Pharmacol Res. 2017 Jun;120:116-132. doi: 10.1016/j.phrs.2017.03.010. Epub 2017 Mar 19.
One Von Hippel-Lindau (VHL) tumor suppressor gene is lost in most renal cell carcinomas while the nondeleted allele exhibits hypermethylation-induced inactivation or inactivating somatic mutations. As a result of these genetic modifications, there is an increased production of VEGF-A and pro-angiogenic growth factors in this disorder. The important role of angiogenesis in the pathogenesis of renal cell carcinomas and other tumors has focused the attention of investigators on the biology of VEGFs and VEGFR1-3 and to the development of inhibitors of the intricate and multifaceted angiogenic pathways.
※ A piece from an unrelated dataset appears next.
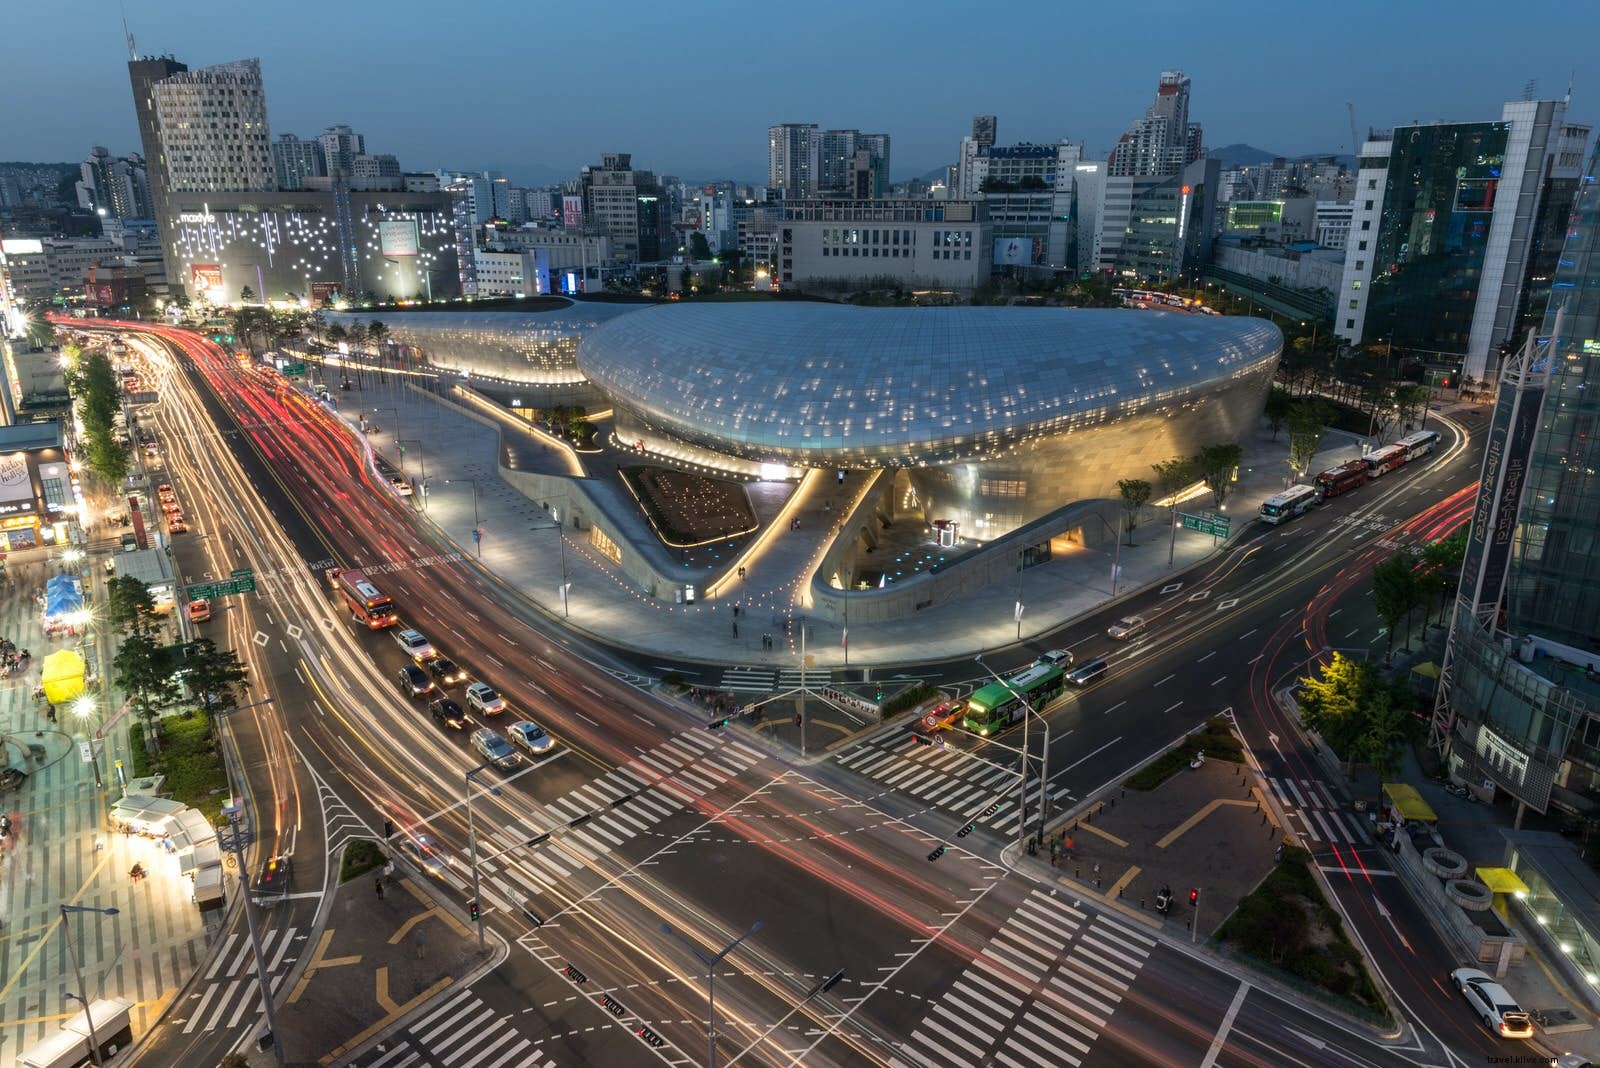 Pemandangan kota Seoul yang dinamis:tur arsitektur melalui ibu kota Korea Selatan

VEGFR1-3 contain an extracellular segment with seven immunoglobulin-like domains, a transmembrane segment, a juxtamembrane segment, a protein kinase domain with an insert of about 70 amino acid residues, and a C-terminal tail. VEGF-A stimulates the activation of preformed VEGFR2 dimers by the auto-phosphorylation of activation segment tyrosines followed by the phosphorylation of additional protein-tyrosines that recruit phosphotyrosine binding proteins thereby leading to signalling by the ERK1/2, AKT, Src, and p38 MAP kinase pathways. VEGFR1 modulates the activity of VEGFR2, which is the chief pathway in vasculogenesis and angiogenesis. VEGFR3 and its ligands (VEGF-C and VEGF-D) are involved primarily in lymphangiogenesis. Small molecule VEGFR1/2/3 inhibitors including axitinib, cabozantinib, lenvatinib, sorafenib, sunitinib, and pazopanib are approved by the FDA for the treatment of renal cell carcinomas. Most of these agents are type II inhibitors of VEGFR2 and inhibit the so-called DFG-Asp inactive enzyme conformation. These drugs are steady-state competitive inhibitors with respect to ATP and like ATP they form hydrogen bonds with the hinge residues that connect the small and large protein kinase lobes. Bevacizumab, a monoclonal antibody that binds to VEGF-A, is also approved for the treatment of renal cell carcinomas. Resistance to these agents invariably occurs within one year of treatment and clinical studies are underway to determine the optimal sequence of treatment with these anti-angiogenic agents. The nivolumab immune checkpoint inhibitor is also approved for the second-line treatment of renal cell carcinomas. Owing to the resistance of renal cell carcinomas to cytotoxic drugs and radiation therapy, the development of these agents has greatly improved the therapeutic options in the treatment of these malignancies.
在大多数肾细胞癌中,一个VHL抑癌基因会缺失,而未缺失的等位基因则表现出高甲基化诱导的失活或失活性体细胞突变。由于这些基因修饰,该疾病中VEGF - A和促血管生成生长因子的产生增加。血管生成在肾细胞癌和其他肿瘤发病机制中的重要作用,使研究人员将注意力集中在VEGF和VEGFR1 - 3的生物学特性以及复杂多面的血管生成途径抑制剂的开发上。VEGFR1 - 3包含一个带有七个免疫球蛋白样结构域的细胞外片段、一个跨膜片段、一个近膜片段、一个带有约70个氨基酸残基插入序列的蛋白激酶结构域以及一个C末端尾巴。VEGF - A通过激活片段酪氨酸的自磷酸化来刺激预先形成的VEGFR2二聚体的激活,随后是其他蛋白酪氨酸的磷酸化,这些磷酸化会招募磷酸酪氨酸结合蛋白,从而导致ERK1/2、AKT、Src和p38丝裂原活化蛋白激酶途径发出信号。VEGFR1调节VEGFR2的活性,而VEGFR2是血管生成和血管新生的主要途径。VEGFR3及其配体(VEGF - C和VEGF - D)主要参与淋巴管生成。包括阿昔替尼、卡博替尼、乐伐替尼、索拉非尼、舒尼替尼和帕唑帕尼在内的小分子VEGFR1/2/3抑制剂已获美国食品药品监督管理局(FDA)批准用于治疗肾细胞癌。这些药物大多是VEGFR2的II型抑制剂,可抑制所谓的DFG - Asp无活性酶构象。这些药物是ATP的稳态竞争性抑制剂,并且与ATP一样,它们与连接小蛋白激酶叶和大蛋白激酶叶的铰链残基形成氢键。贝伐单抗是一种与VEGF - A结合的单克隆抗体,也被批准用于治疗肾细胞癌。对这些药物的耐药性在治疗一年内总会出现,目前正在进行临床研究以确定这些抗血管生成药物的最佳治疗顺序。纳武单抗免疫检查点抑制剂也被批准用于肾细胞癌的二线治疗。由于肾细胞癌对细胞毒性药物和放射治疗具有耐药性,这些药物的开发极大地改善了这些恶性肿瘤的治疗选择。